▶ _EXERCISE GOAL_
Starting at the line containing "Bedroom arrangement in" and ending at the line containing "249 East 50th Street, image via Google Maps", transcribe the listing below exactly. Keep both end lines, skip the pictures, and copy nothing else.

▶ _DATA RECORDS_
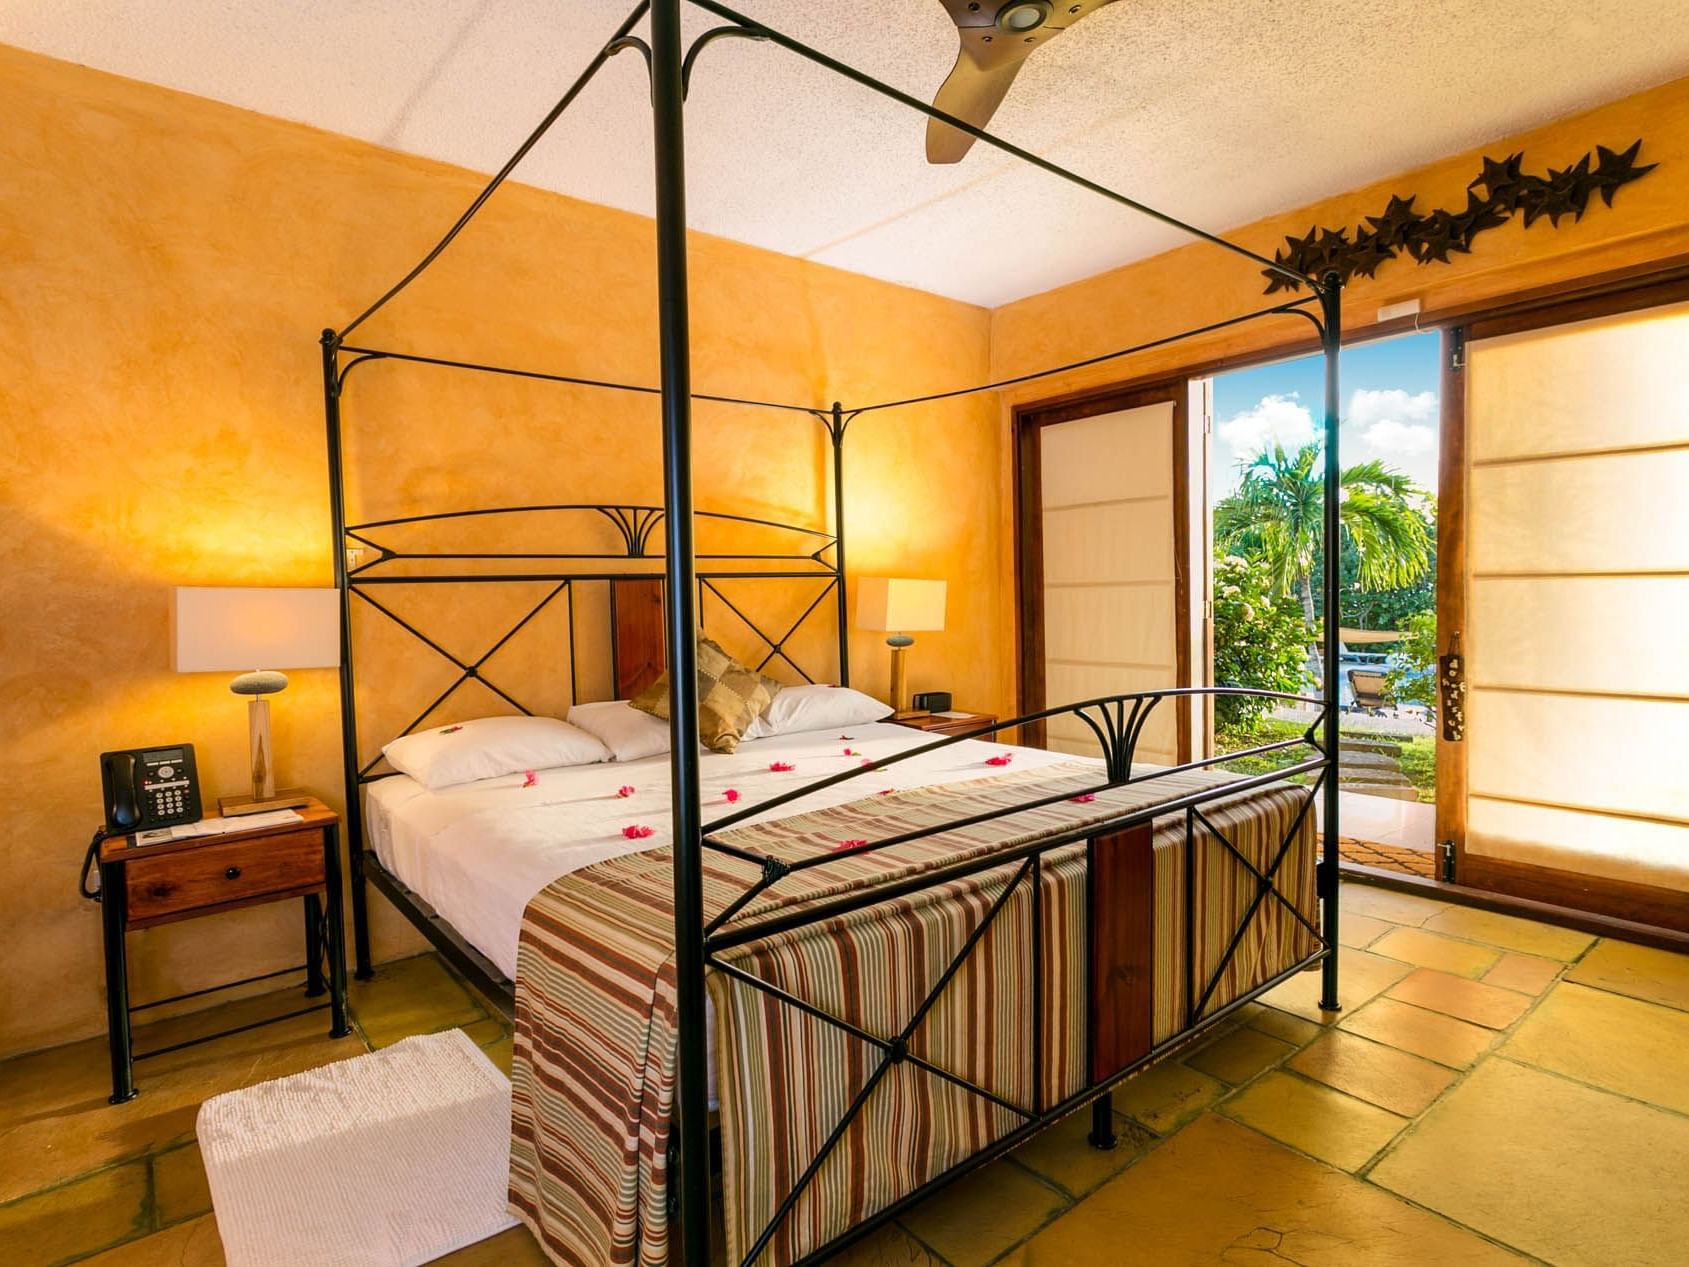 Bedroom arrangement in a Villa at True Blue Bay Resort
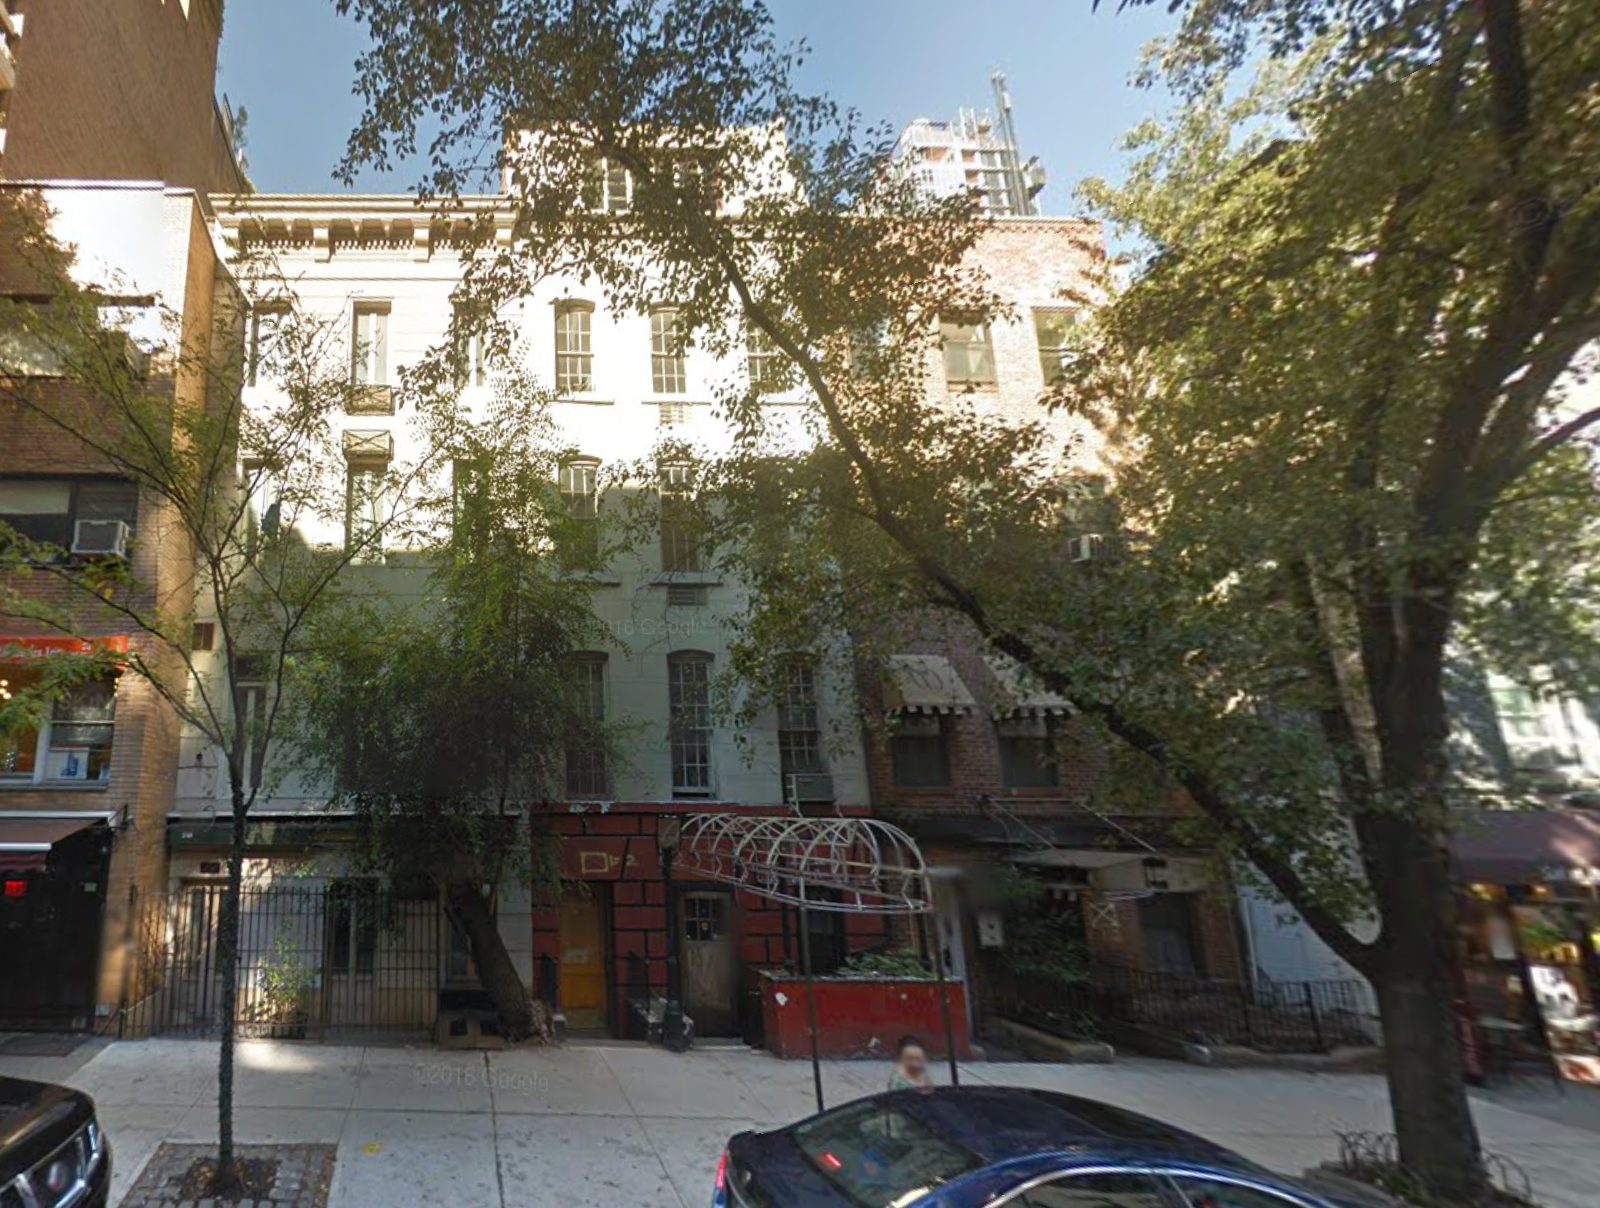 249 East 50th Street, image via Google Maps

* * *

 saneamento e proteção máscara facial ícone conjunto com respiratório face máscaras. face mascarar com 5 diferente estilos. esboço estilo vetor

▶ _ANSWER BOX_
 Bedroom arrangement in a Villa at True Blue Bay Resort
 249 East 50th Street, image via Google Maps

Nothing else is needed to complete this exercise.